Ulterior motive: I'll want them in utf-8 in more than one place.

nik9000 · 2022-02-08T20:34:37Z

server/src/main/java/org/elasticsearch/index/mapper/TimeSeriesIdFieldMapper.java

+                        "Dimension name must be less than [%s] bytes but [%s] was [%s].",
+                        DIMENSION_NAME_LIMIT,
+                        fieldName.utf8ToString(),
+                        fieldName.length


The formatter made a mess of this when I made the parameters a little longer so I switched it to String.format so human can read the message.

nik9000 · 2022-02-08T20:38:01Z

server/src/main/java/org/elasticsearch/index/mapper/TimeSeriesIdFieldMapper.java

@@ -193,7 +197,7 @@ public static void encodeTsid(StreamOutput out, SortedMap<String, BytesReference
            Map<String, Object> result = new LinkedHashMap<String, Object>(size);

            for (int i = 0; i < size; i++) {
-                String name = in.readString();
+                String name = in.readBytesRef().utf8ToString();


Here's the bug that made this not work - sometimes BytesRef and String don't write the same.
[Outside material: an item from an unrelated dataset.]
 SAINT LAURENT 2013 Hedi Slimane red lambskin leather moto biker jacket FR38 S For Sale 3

I wonder if there is a value in hiding the fact that it's BytesRef all the way down and can this hurt us beyond serialization thing.
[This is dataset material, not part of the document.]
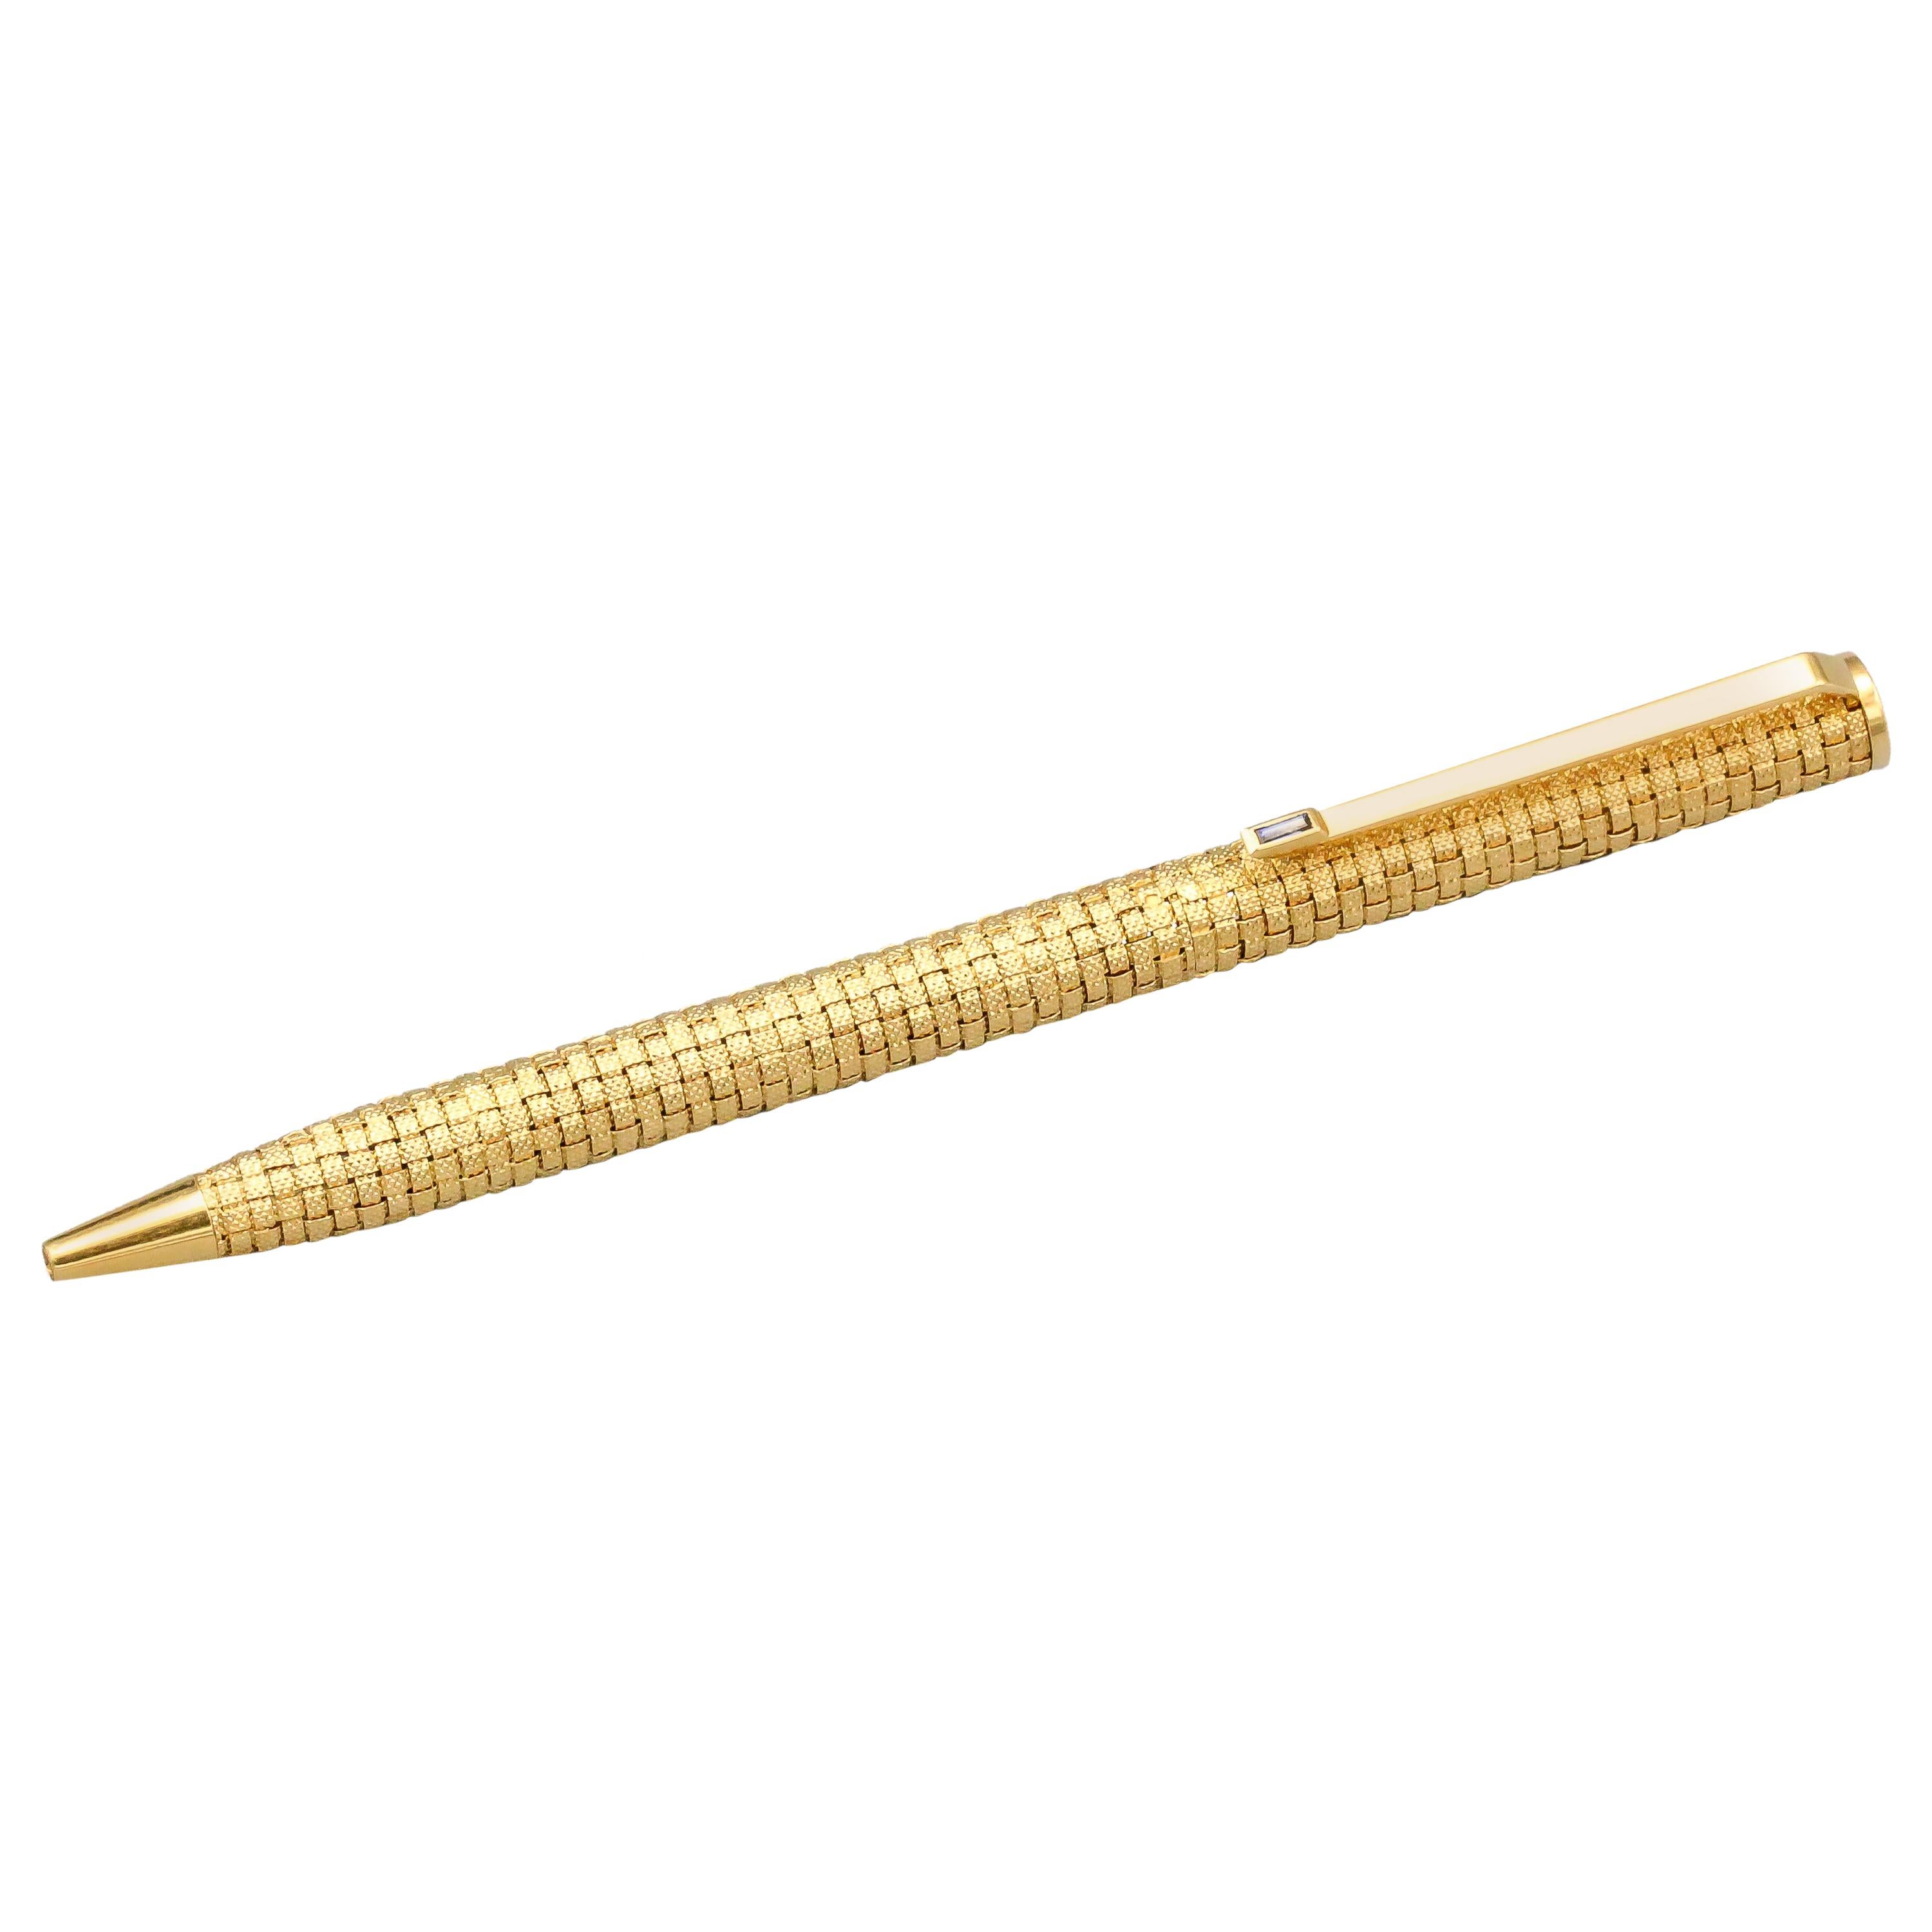 Piaget Sapphire and 18 Karat Gold Basket Weave Ballpoint Pen

Are you thinking this should be it's own class? Like one that just wraps BytesRef or something?

Well, if I am completely honest, I was thinking why do we have 2 different maps with String in one case and BytesRef in another case that essentially represent the same data. But I think I like your interpretation much better. It has quite a bit of complexity that could probably benefit from some encapsulation.

Just to be clear, maybe we need a TimeSeriesId class to represent this sort of data.

Would you like me to do it in this or a followup?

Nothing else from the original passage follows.